Start of DATASET EXCERPT

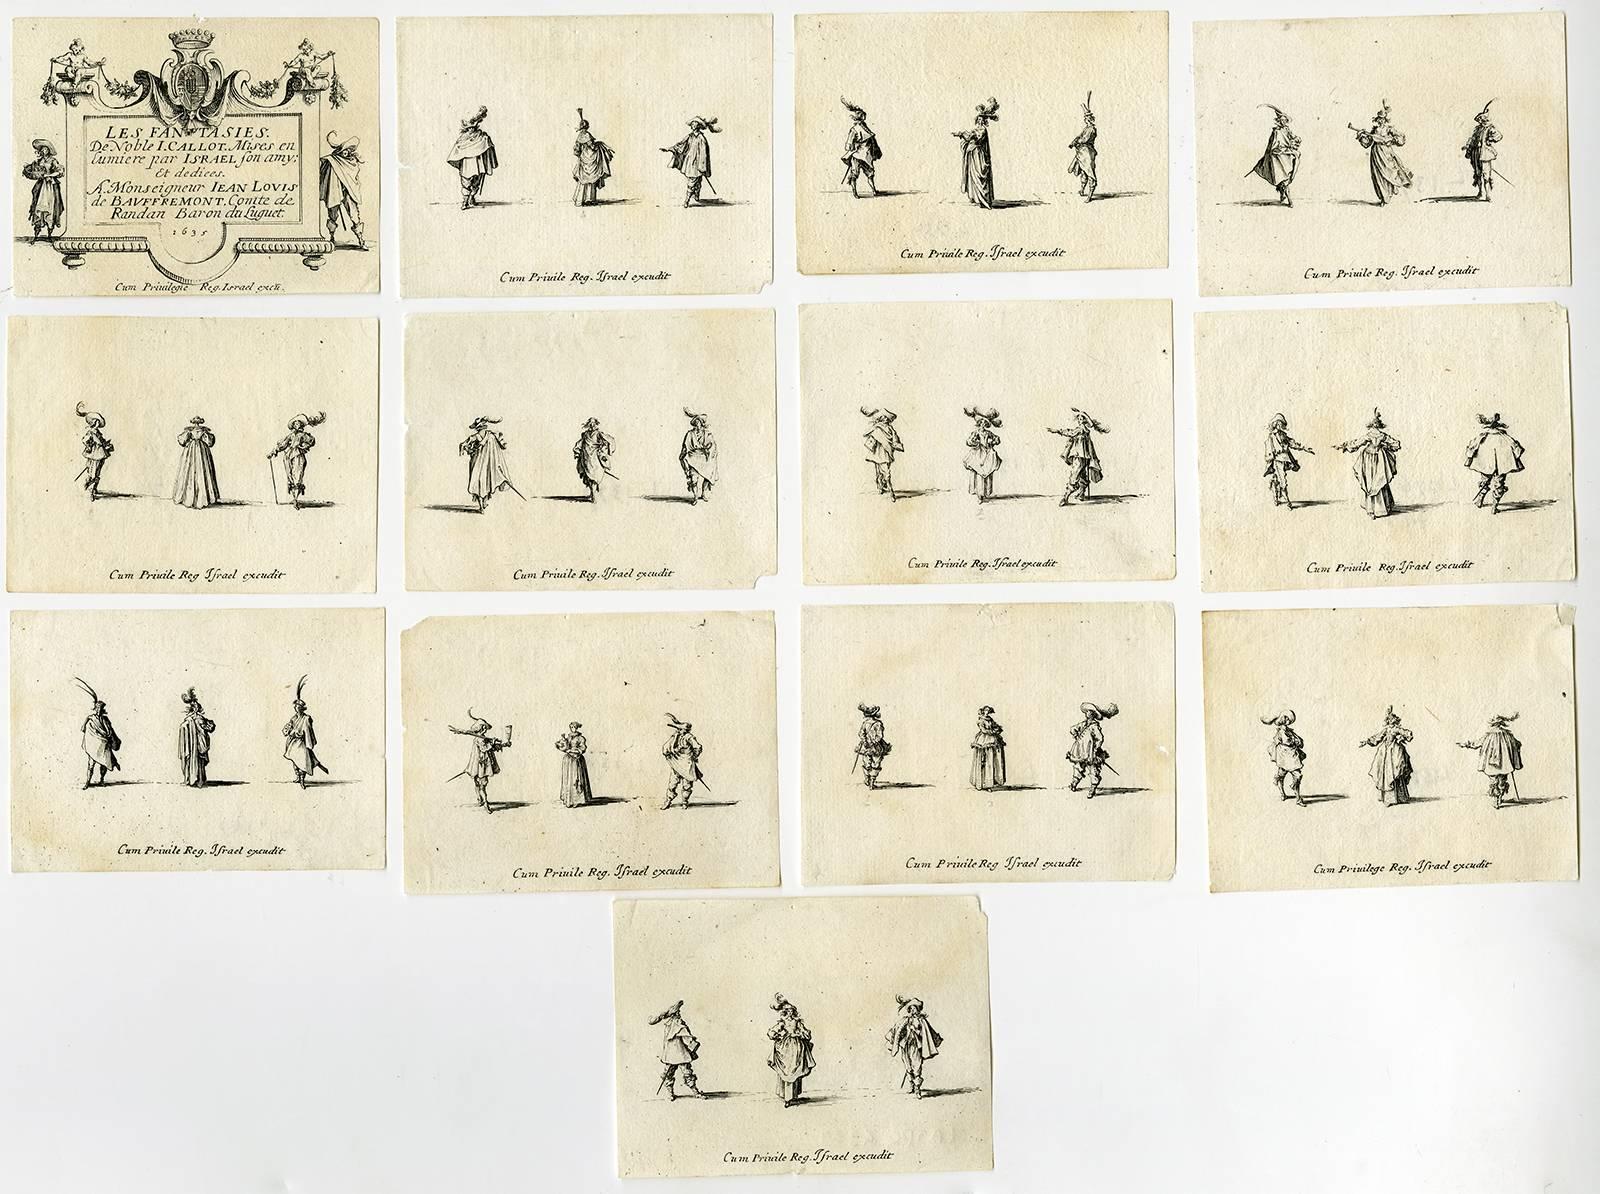 Jacques Callot Figurative Print - Les Fantaisies.' - Complete series of small figures.
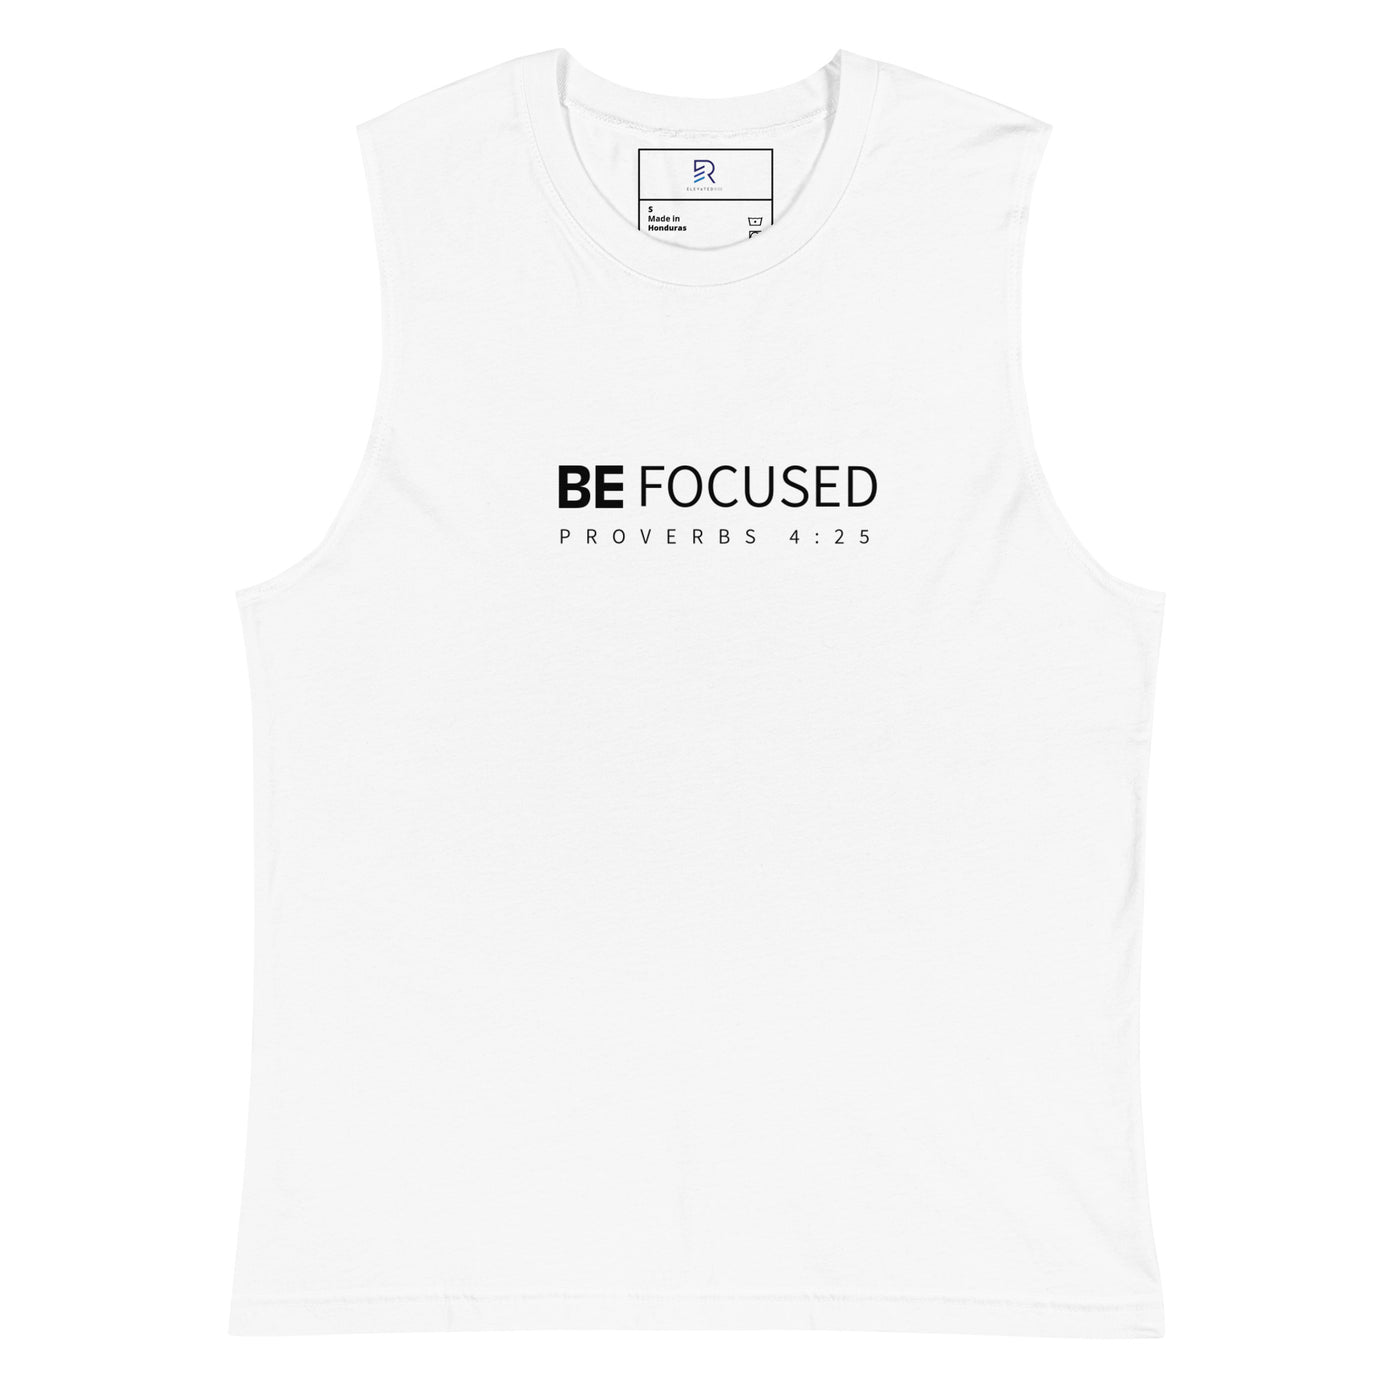 Men's White Muscle Shirt - Be Focused Proverbs 4:25
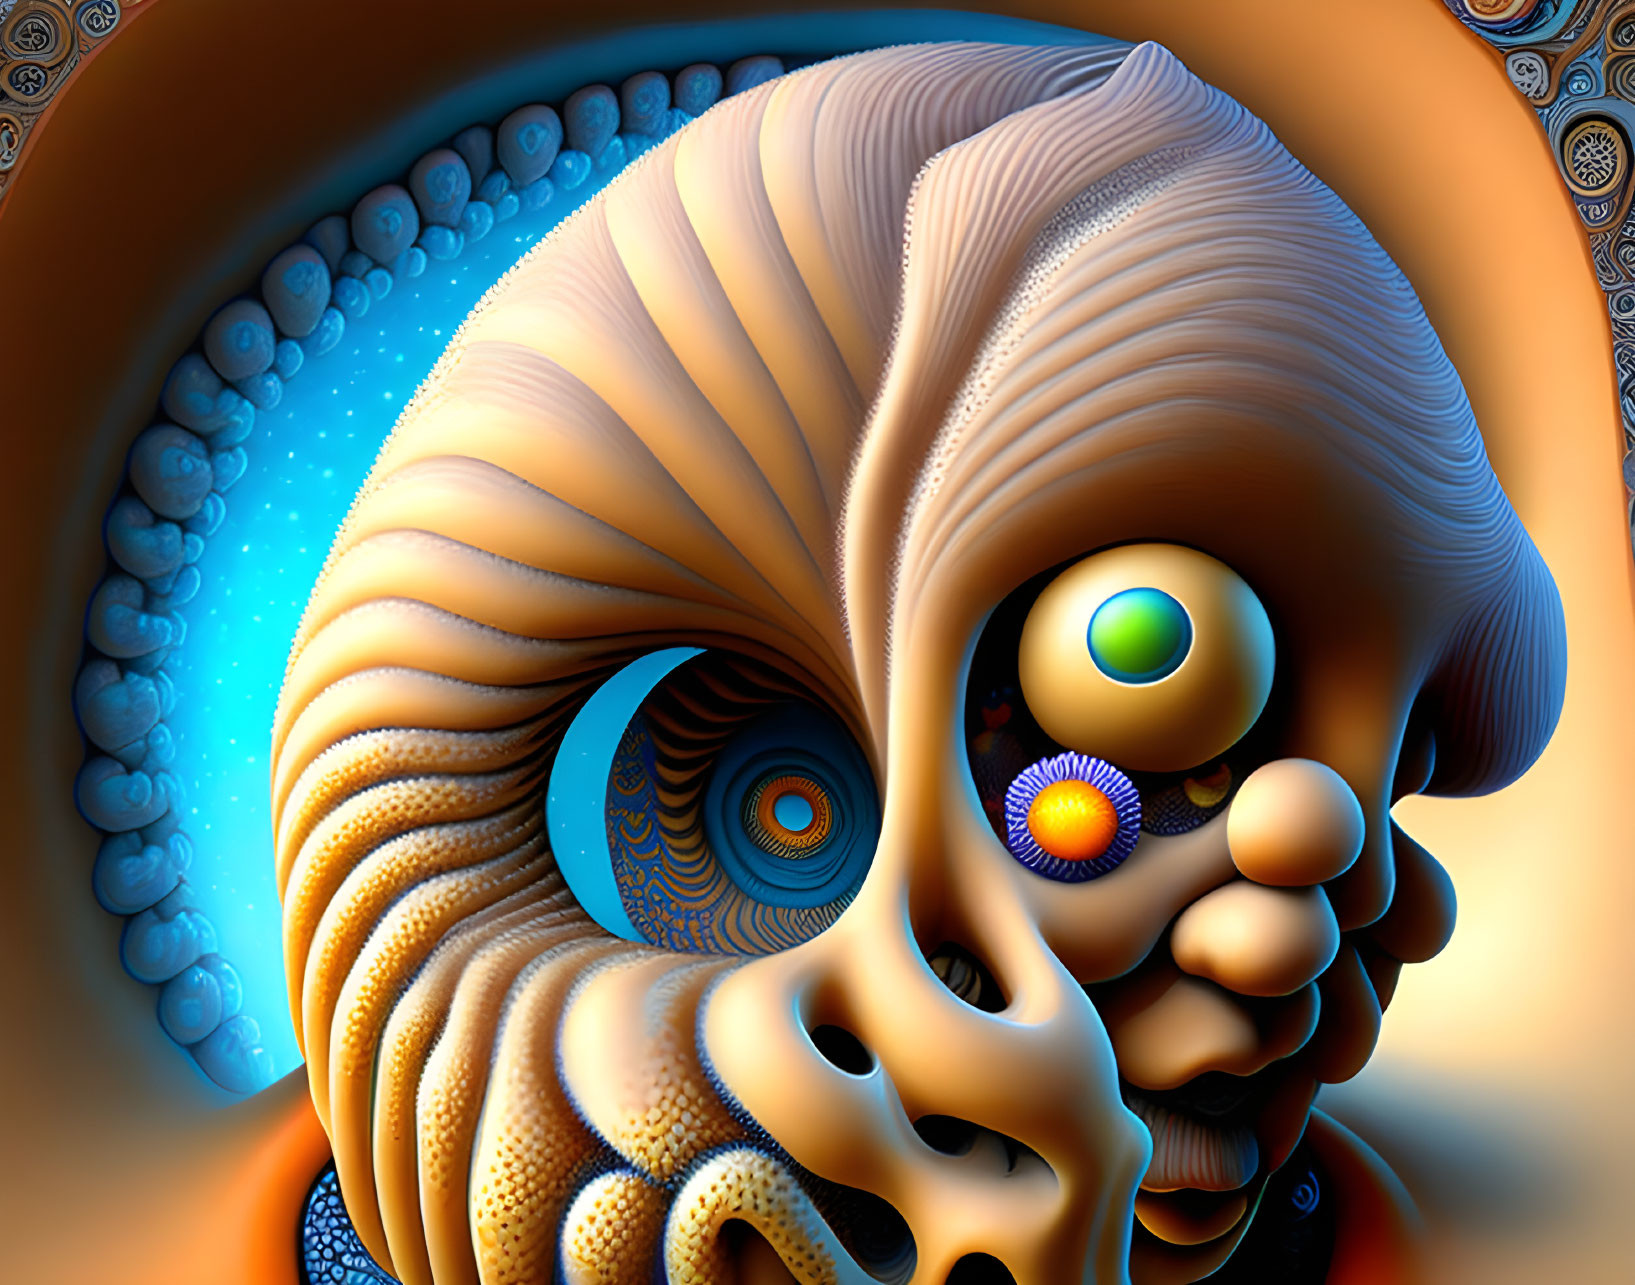 Surreal digital artwork: face with fractal textures and vibrant colors

End of DATASET EXCERPT

ABOUT THIS EXERCISE: Lines before the one containing "Men's White Muscle" are not wanted; repeat that line and the rest of the listing exactly, leaving out pictures.

OUTPUT:
 Men's White Muscle Shirt - Be Focused Proverbs 4:25
 Surreal digital artwork: face with fractal textures and vibrant colors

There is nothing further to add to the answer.